Sept. 11, 2001 is a date burned into the memory of most Americans. But the students at Peralta Trail Elementary School were not even alive when the twin towers fell. That didn’t stop them from honoring all those who died, and the first responders who serve the community today.
First there was a flag raising, students sang the National Anthem and America (My Country Tis of Thee) and the principal Natalie Clement talked to the students about Sept. 11, at Peralta Trail, 10965 E Peralta Road, Gold Canyon.
“On Sept. 11, before you were born, 14 years ago, we had terrorists attack our country,” Ms. Clement told the students during the assembly. “It was a very scary time for a lot of people.”
Then she explained the concept of Patriot Day to the students. On Dec. 18, 2001, President Bush signed a bill that made 9/11 Patriot Day. The day includes the flag being lowered to half-staff and a moment of silence to honor those who died. In more recent years, the day has become one of public service as well. The event is not just recognized in the U.S. but across the world.
“The president made Patriot Day so that we remember what happened that day,” Ms. Clement said. “And that we remember that we are a strong country.”
Music teacher Karl Hermann assisted Ms. Clement on planning the event.
“It is really important for the kids to understand their heritage and I feel that it is important to understand the great blessings that we have in this country,” Mr. Hermann said.
Michael Ramirez was a fourth teacher at Peralta Trail last year and his daughter Sophia is in fifth grade at the school.
“It brings the community together, especially after the influx of students from the other school,” Mr. Ramirez said. “The idea of community is such a big thing for a school.”

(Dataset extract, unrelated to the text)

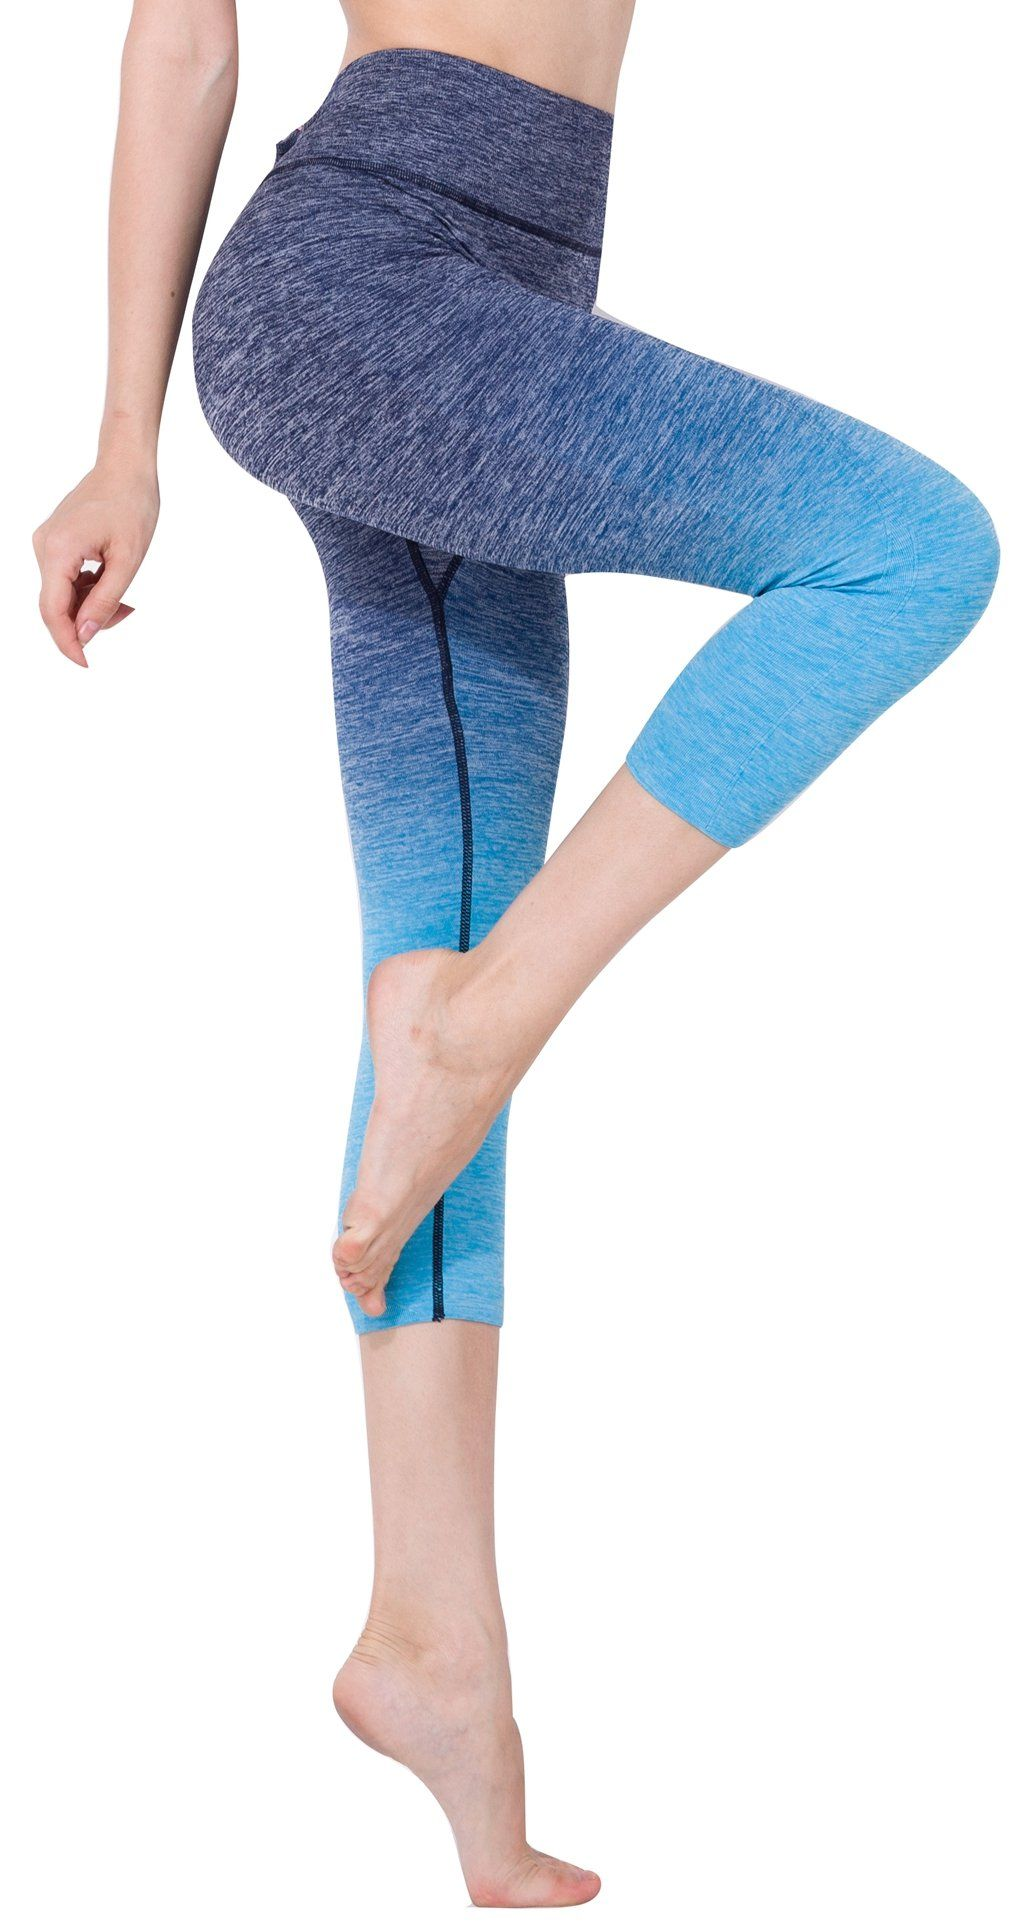 443ea9a8688fed Amazon.com: Bonas Women's Ombre 3/4 Tights Capri Yoga Sport Workout Leggings  Pants & Bra Set: Sports & Outdoors

Mr. Ramirez said that bringing the community together is something that Peralta Trail does well, being the only elementary school in the Gold Canyon area.
“I think it is really special that our community can get together and we can have this because not a lot of people are willing to do this much,” Sophia said. “I think it’s really great.”
Sophia said that she learned about the attack on her own and then went to her parents with questions about the historic event.
“I think it’s important so they (younger students) know it’s not a day to mess around, it’s a day to remember what happened,” Sophia said. “And not to expect the world to be a dream factory, because it’s not.”
Mr. Ramirez taught his students about Sept. 11 in his class.
“We did a whole week on it,” Mr. Ramirez said “I know some of the images can be pretty scary for the kids but if you do it in a way that builds the idea that something happened to the country and it brought it (the country) together.”
Mr. Ramirez was asleep when the attacks of Sept. 11 happened. He said a friend called him and told him to turn on the television.
“I had been in New York the year before and it didn’t seem like those building could fall at all,” Mr. Ramirez said. “They were so enormous.”
Mr. Hermann also was asleep during the attacks but when he arrived at work, nothing got completed, he recalled.
“I did have to go to work that day and people weren’t really productive that day,” Mr. Hermann said. “They were in complete shock of what was going on.”
Mr. Ramirez remembered a similar experience.
“I remember going around and everybody just kind of looked like a zombie, everybody was just kind of numb,” Mr. Ramirez said. “It was very frightening.”
During the assembly, Ms. Clement reminded the students of the things that Americans learned.
“Even though it was a scary time and it was pretty sad, we also learned some things,” Ms. Clement said during the assembly. “But most of all we learned that we are proud to be Americans.”